UV light makes all your hoses and wiring bridle, main problem we have!


----------



## Bossman 92 (Sep 27, 2006)

John Mac, your plows are so twisted you have to have a skid steer to twist it back on? What do you guys do to them to bend them up so bad? 

Bossman


----------



## JTVLandscaping (Jan 1, 2010)

Unless you count the carwash as inside, I don't think my plow has been inside since it was installed in '05.


----------



## justme- (Dec 28, 2004)

Same here- nowhere inside to store one, and it would be a waste of space for a commercial operation IMHO - seen plenty of homeowners keep them inside tho.

You guys must have much less ozone than we do here in NE- My plows (both of them) have spent their entire life outside, on dirt, occasionally with a 2x6 under the cutting edge (primarily to keep them from freezing to the ground when we get the freeze/thaw cycles) and uncovered- I only replace hoses when they need it- actually, I have only replaced the hoses once since new, and that was because it rubbed thin and burst when I was hit by a car coming the other way (bounced of the plow saved the truck).
Just changed them in Jan when I changed the angle cylinders (for simplicity - new hoses, but reused the fittings).
Going to change the hoses on the MM2 I just bought because they are run very poorly and have rubber thin.
If you want to cover the unit, I would use a quality BBQ cover- one that is from woven material not plastic because it will breathe while keeping the sun off, but really I doubt it's necessary, unless you want your equipment looking like you just bought it all the time- granted indoor storage will make the paint last longer unfaded and reduce some rust but the majority of that will be from not washing after each event (guilty here)


----------



## jgoetter1 (Feb 23, 2007)

Italiano67;1275130 said:


> Fluid Film the entire plow and let it sit outside.
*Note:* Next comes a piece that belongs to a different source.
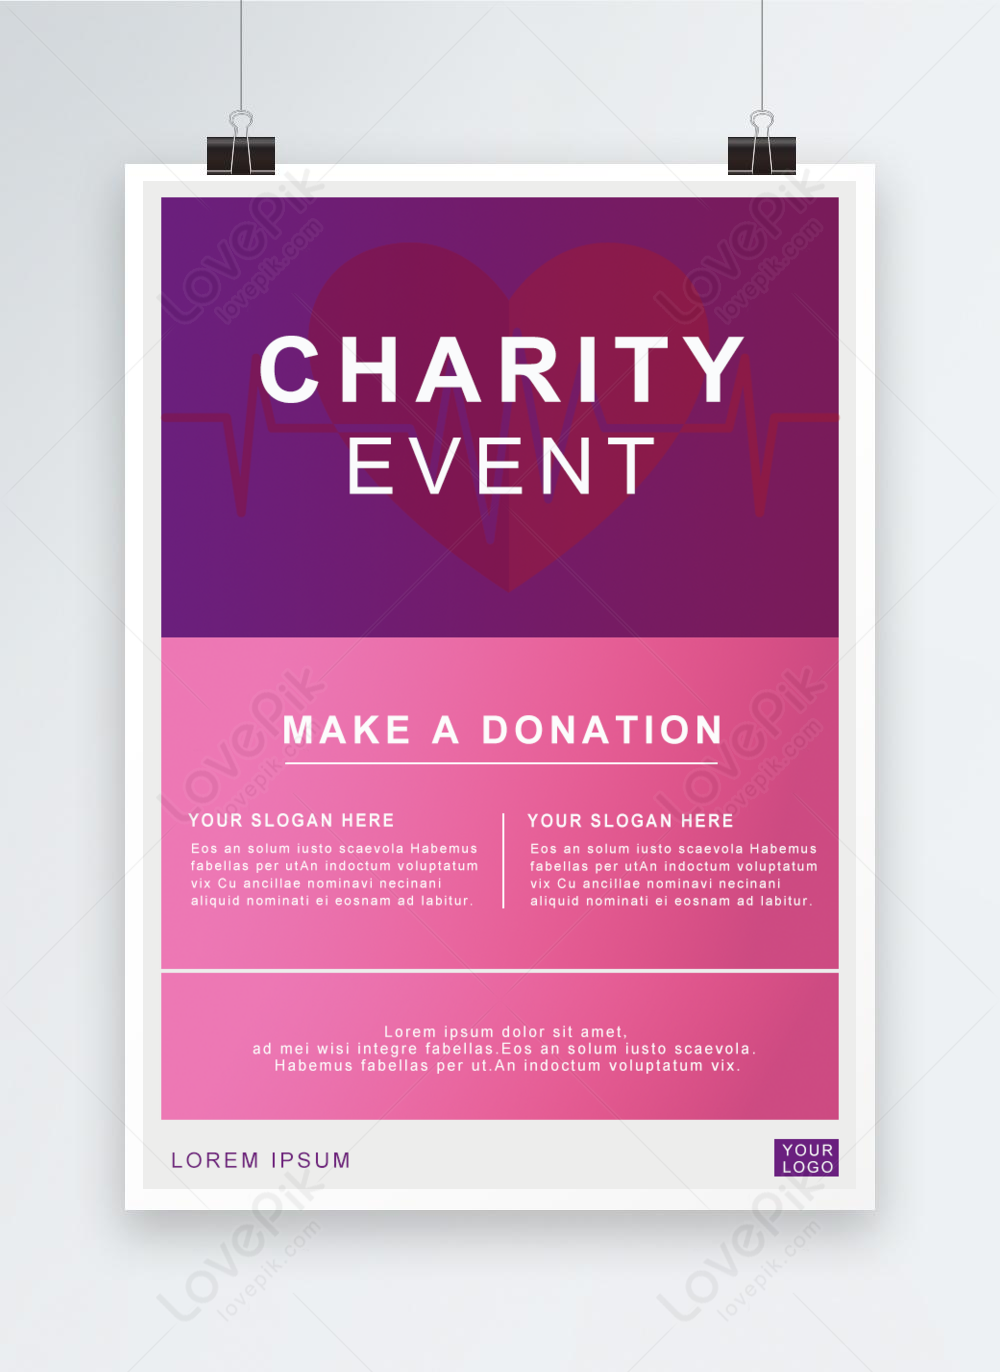 fundraiser event posters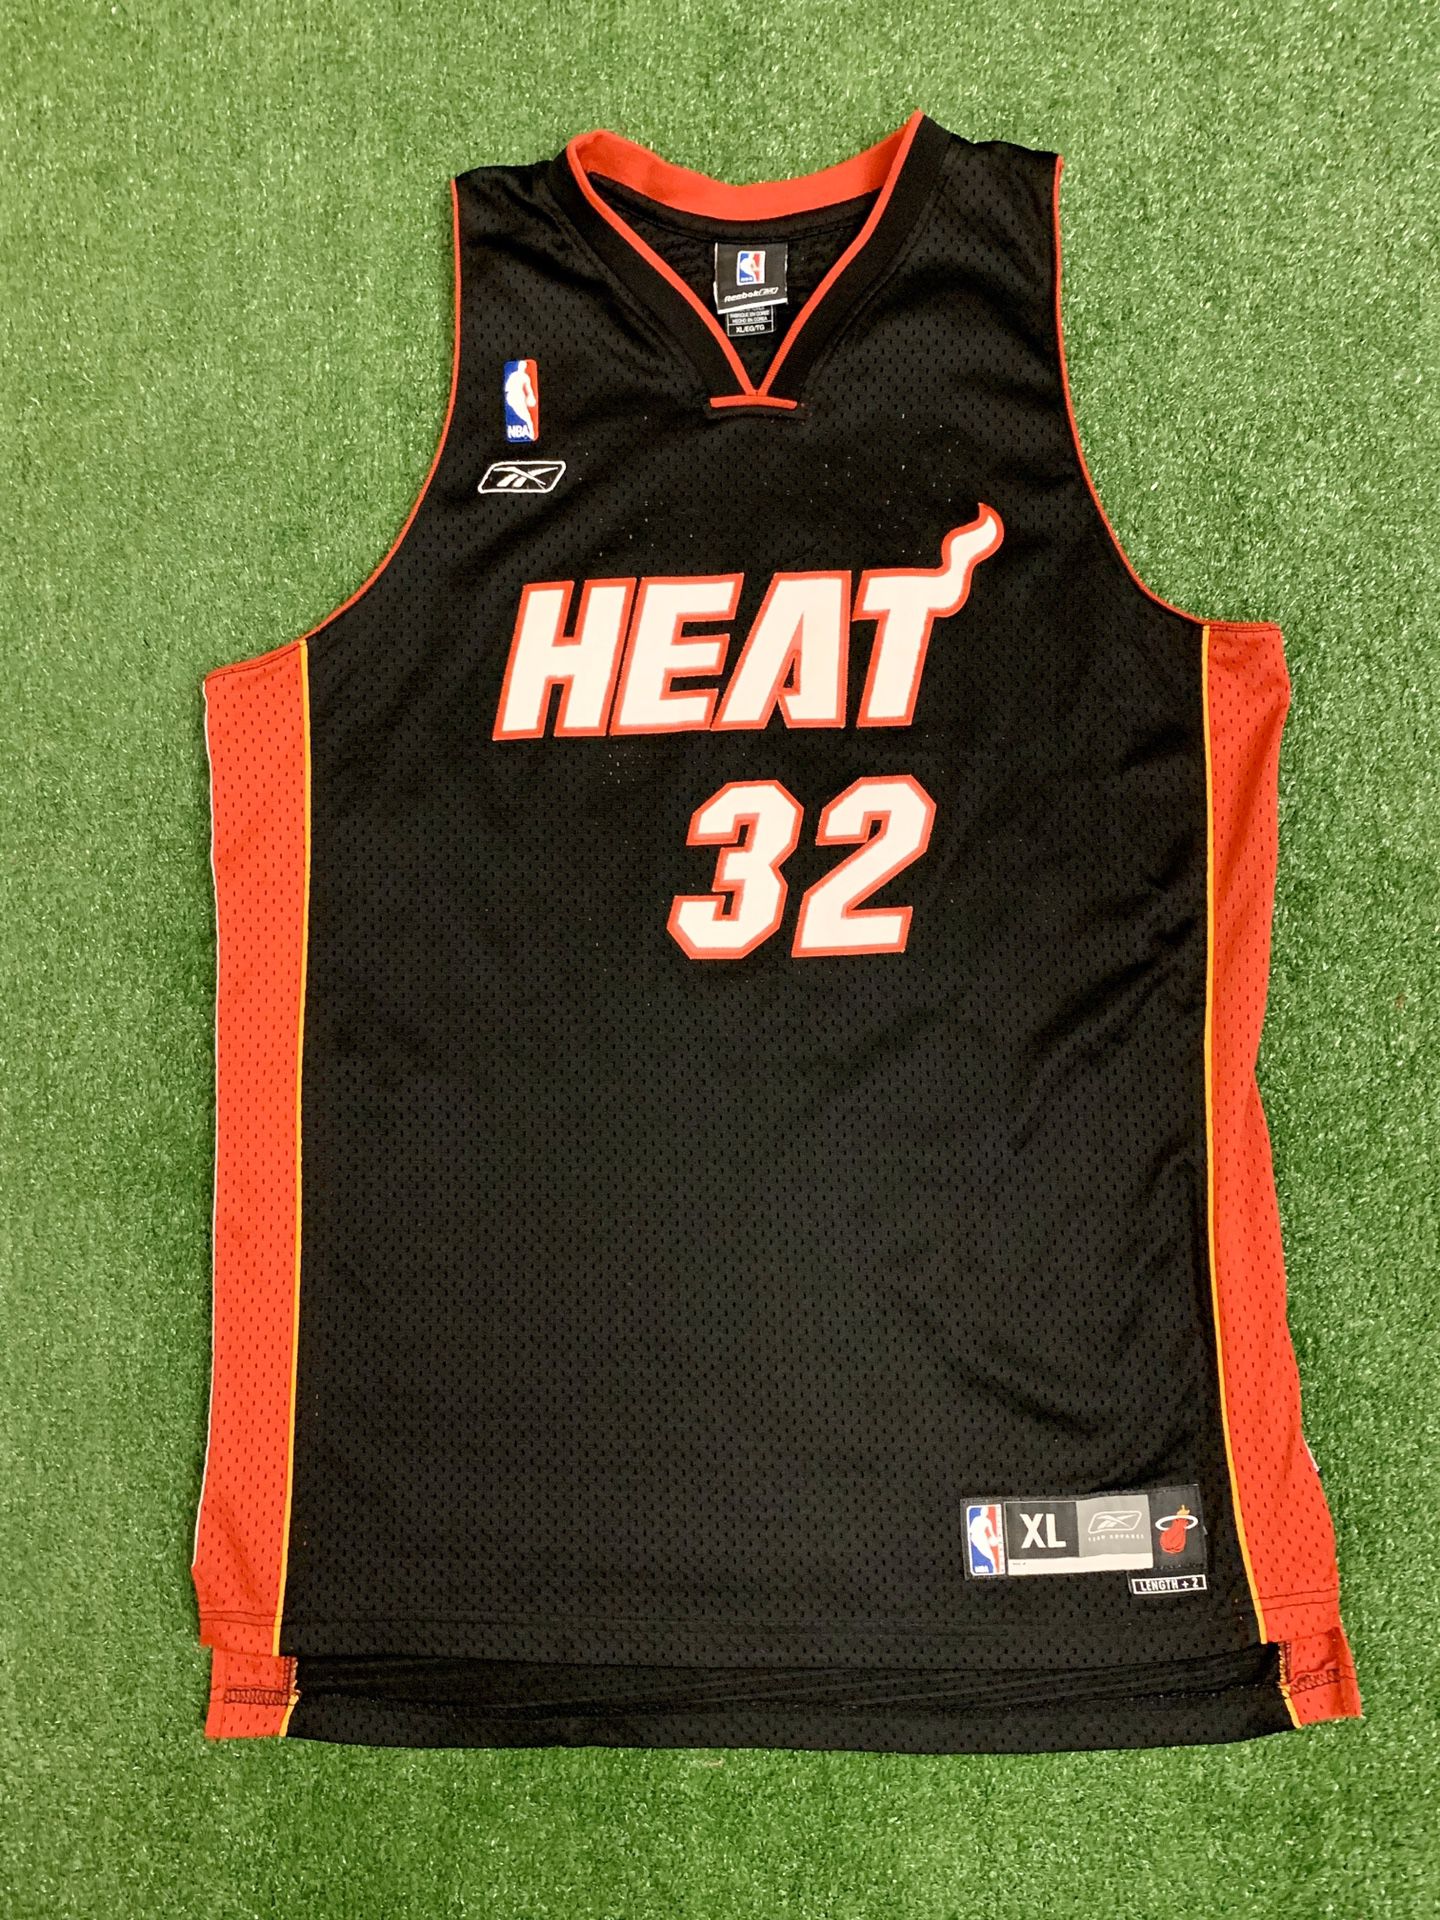 NBA. Vintage 2006 Miami Heat Shaquille O’Neal Stitched Reebok Jersey. Size XL. Good condition.

Me too - wash em, soak em in fluid film, store em outside on pallets


----------



## Xforce 1 (Dec 29, 2008)

Here's what I do. The pushers sit outside.


----------



## Bossman 92 (Sep 27, 2006)

Hey XForce, what kind of racks are those?


Bossman


----------



## abbe (Sep 8, 2009)

There's a lot of weight on that wall


----------



## Xforce 1 (Dec 29, 2008)

I had a friend of mine build them in place. You can't see it in the pic but it is supported off the floor. It is attached to the wall for additional stability so I don't pull it over on us.


----------



## CGM Inc. (Dec 15, 2008)

Xforce 1;1276013 said:


> Here's what I do. The pushers sit outside.


Love it! That is awesome!


----------



## mricefish (Feb 6, 2010)

Very nice set up there for storage. Guess it is up to everyone what you want to do, but for what new plows cost now, I will keep mine inside. Wonder how come all those guys with restored cars park them inside? Guess they keep better that way, think my plow will too if it is inside. It comes down more to if you have the room to put them inside or not. Everyone knows that if you keep something inside it will last longer, look better, and hopefully will not have to replace it as fast.


----------



## justme- (Dec 28, 2004)

mricefish;1277116 said:


> Very nice set up there for storage. Guess it is up to everyone what you want to do, but for what new plows cost now, I will keep mine inside. Wonder how come all those guys with restored cars park them inside? Guess they keep better that way, think my plow will too if it is inside. It comes down more to if you have the room to put them inside or not. Everyone knows that if you keep something inside it will last longer, look better, and hopefully will not have to replace it as fast.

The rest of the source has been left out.